WHAT IS NEEDED
Below are several entries. Transcribe exactly those lines that fall from the one with "EXCLUSIVITE : Proche" through the one with "К. Н. Леонтьев. Письмо", end lines included.

INFORMATION SUPPLIED
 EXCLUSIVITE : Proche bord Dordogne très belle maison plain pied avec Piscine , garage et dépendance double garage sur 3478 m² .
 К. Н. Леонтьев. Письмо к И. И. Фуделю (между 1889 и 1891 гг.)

--

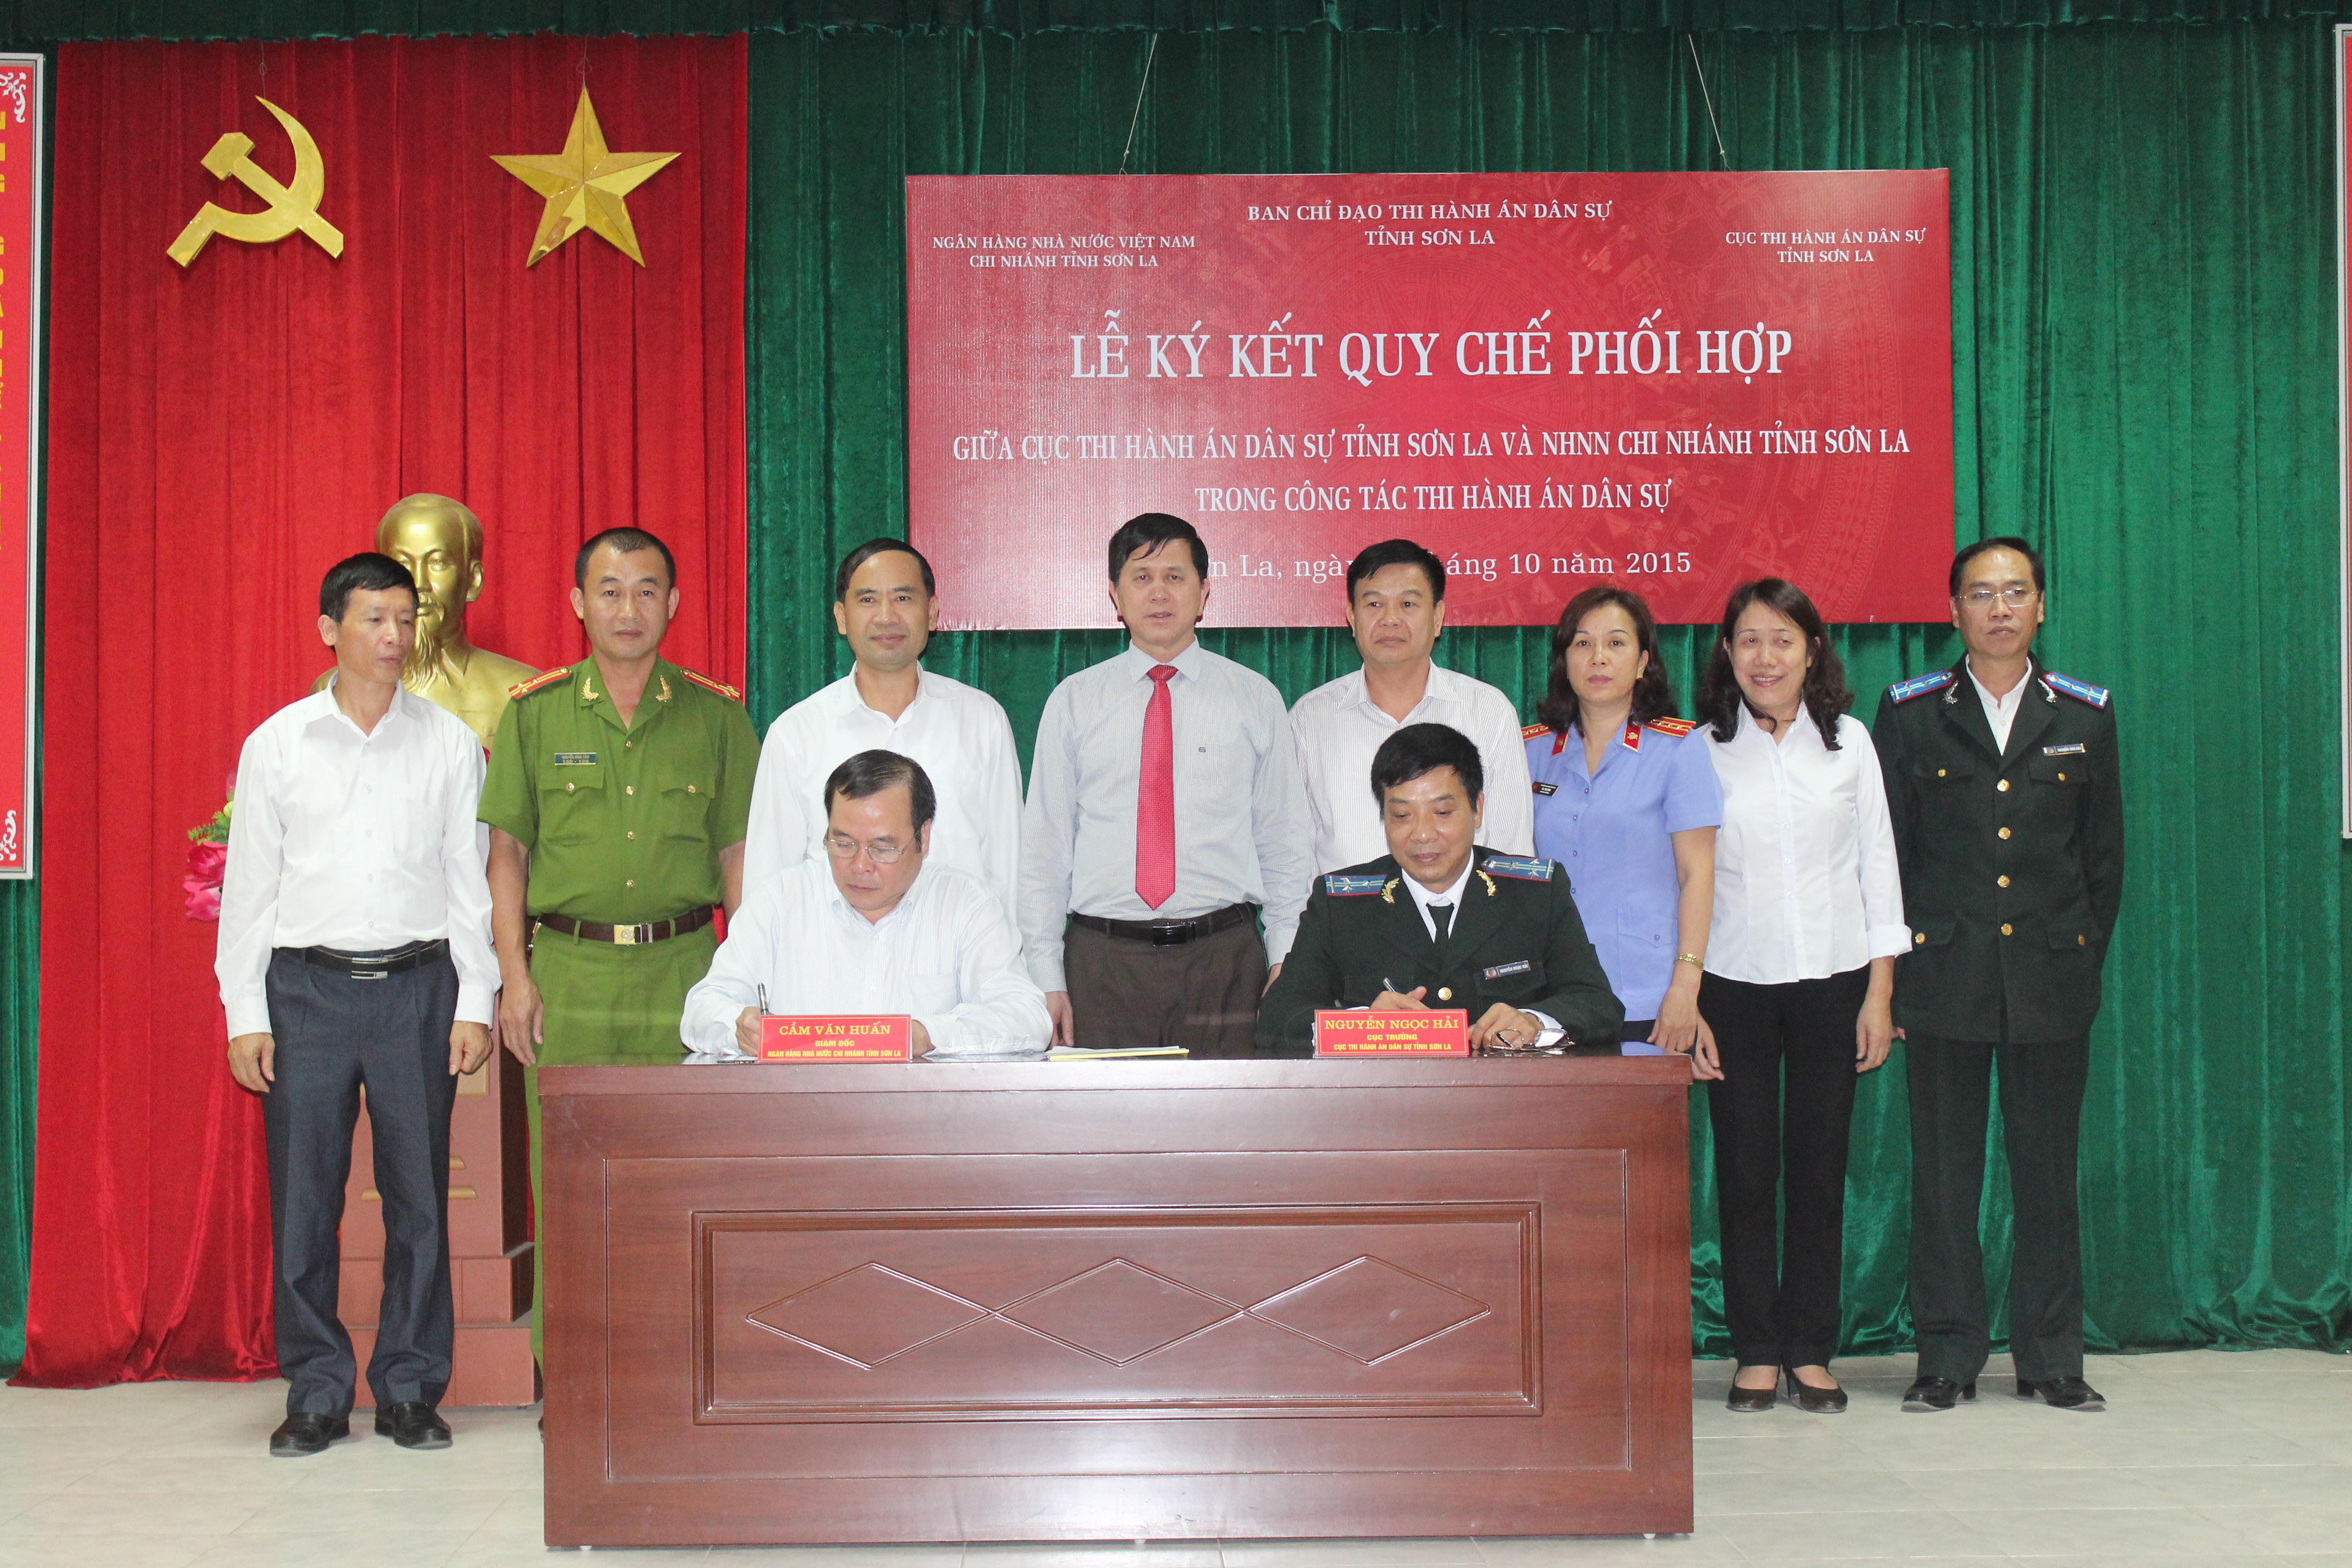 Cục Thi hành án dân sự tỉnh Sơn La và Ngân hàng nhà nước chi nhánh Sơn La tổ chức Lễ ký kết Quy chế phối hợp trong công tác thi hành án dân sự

YOUR RESPONSE
 EXCLUSIVITE : Proche bord Dordogne très belle maison plain pied avec Piscine , garage et dépendance double garage sur 3478 m² .
 К. Н. Леонтьев. Письмо к И. И. Фуделю (между 1889 и 1891 гг.)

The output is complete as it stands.